Beginning with the election of Gary Doer in 1999, the NDP dominated provincial politics until 2016. In 2009, Doer was nominated to serve as ambassador to the United States and selected one of his MLAs, Greg Selinger, to replace him. In the 2011 election, Selinger returned with a majority government.
Selinger’s leadership was challenged in the fall of 2014 when five cabinet members left their posts, sparking an NDP leadership race in the winter of 2015. While Selinger survived the leadership race, he was ousted as premier about a year later. In April 2016, Manitobans elected Progressive Conservative leader Brian Pallister to a majority government, ending 17 years of NDP rule. The win was historic: the PCs took 40 of the province’s 57 seats, one of the largest majorities in provincial history. Pallister campaigned on promises of austerity. He vowed to reverse an increase to the provincial sales tax, as well as eliminate a budget deficit.
In the summer of 2019, Pallister called a general election about a year earlier than required by law. According to Pallister, his government had met most of its promises and needed a new mandate from voters. On 10 September 2019, the PCs again won a majority government, this time taking 36 seats.
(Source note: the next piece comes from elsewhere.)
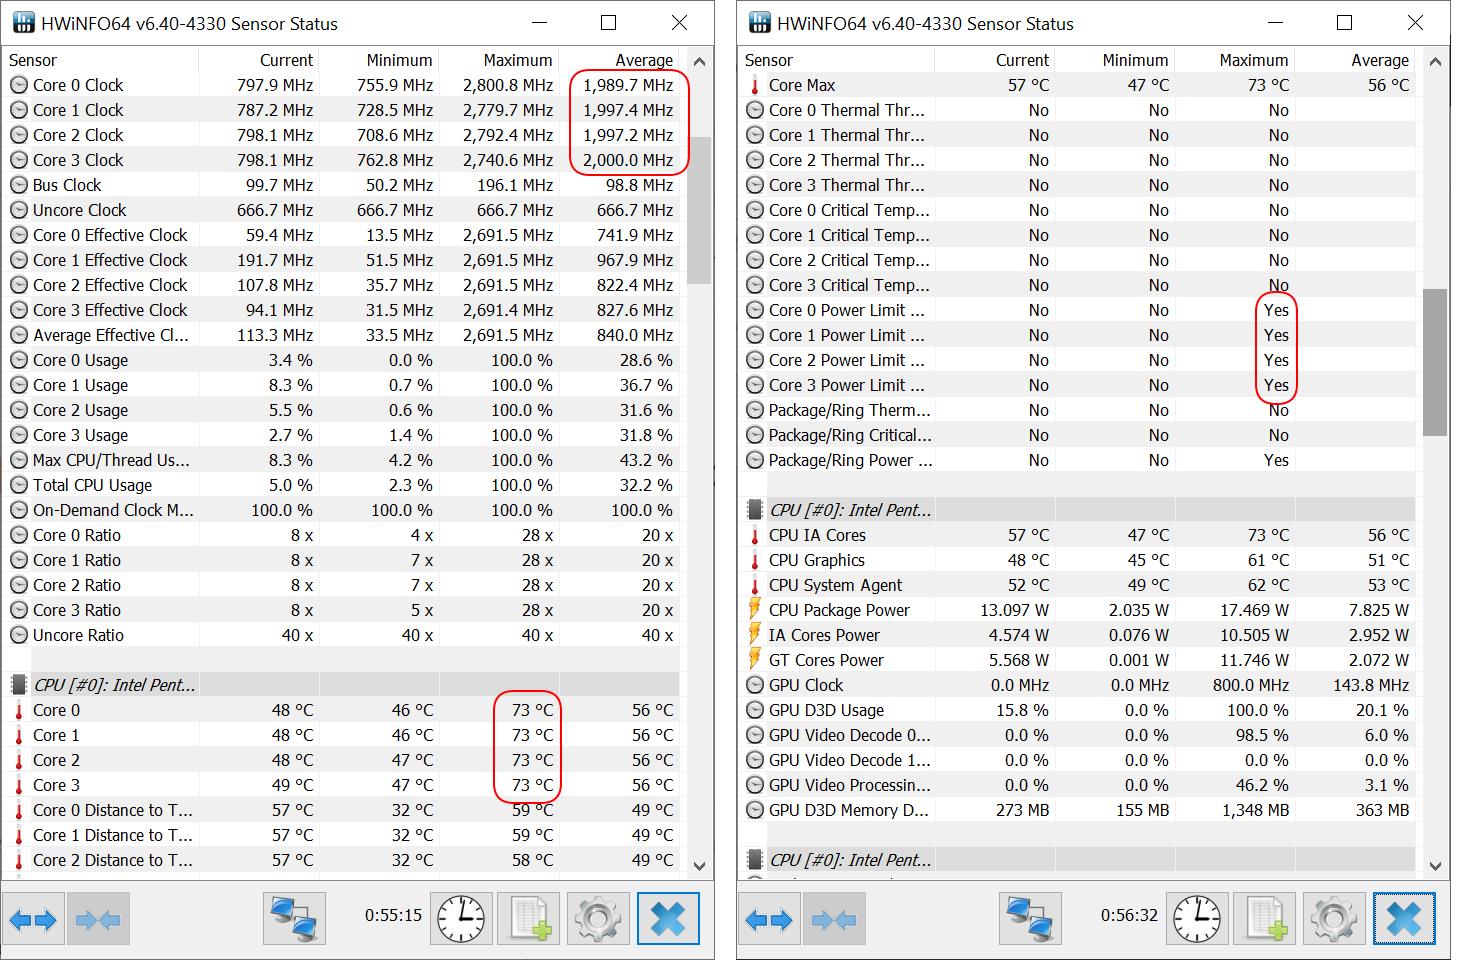 CPU Throttling Thermal vs Power
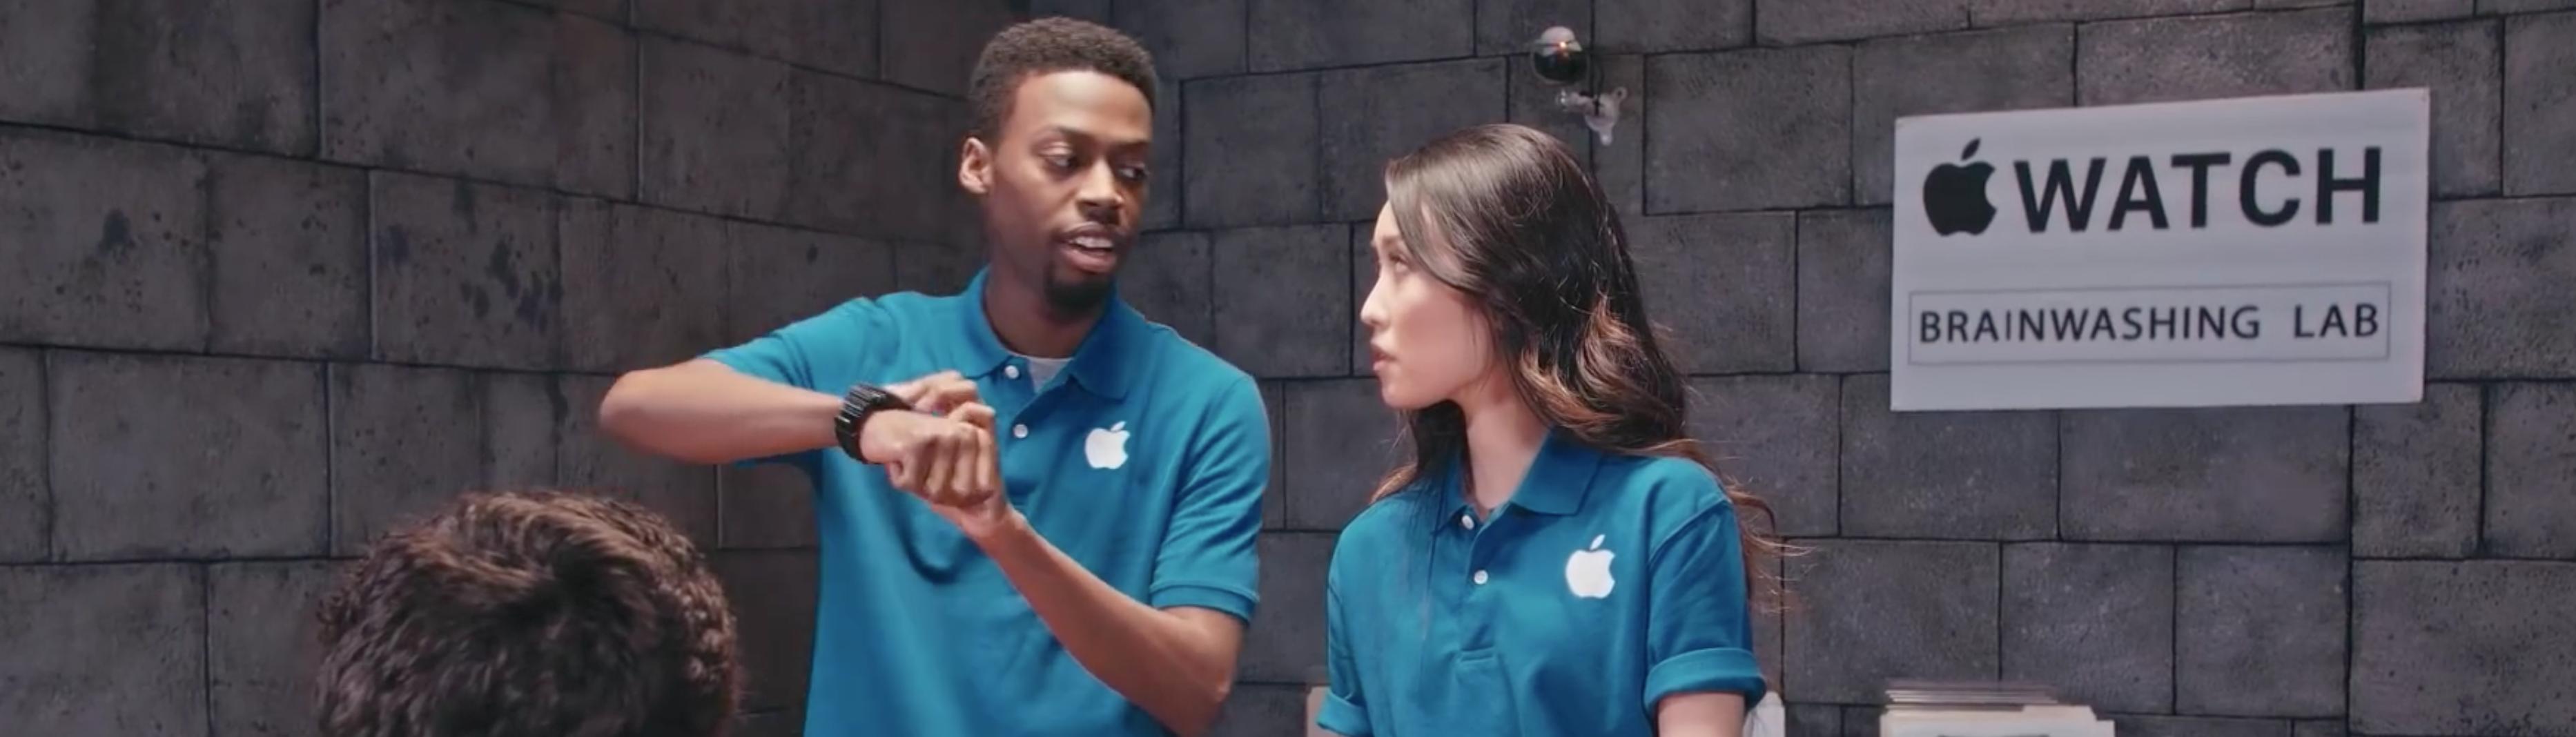 Apple Watch - Brainwashing Lab

On 1 September 2021, Pallister resigned as premier. He resigned his seat in the legislature on 4 October. His departure came amid various criticisms, including his government’s handling of the COVID-19 pandemic and its strained relations with Manitoba’s Indigenous communities. On 30 October, the Progressive Conservative Party held a leadership race. Heather Stefanson, Pallister’s former deputy premier, beat Shelly Glover, a former Cabinet minister in Stephen Harper’s government, by 363 votes. Glover refused to concede and launched a legal challenge. Stefanson, however, was sworn in as premier on 2 November. She is Manitoba’s first female premier.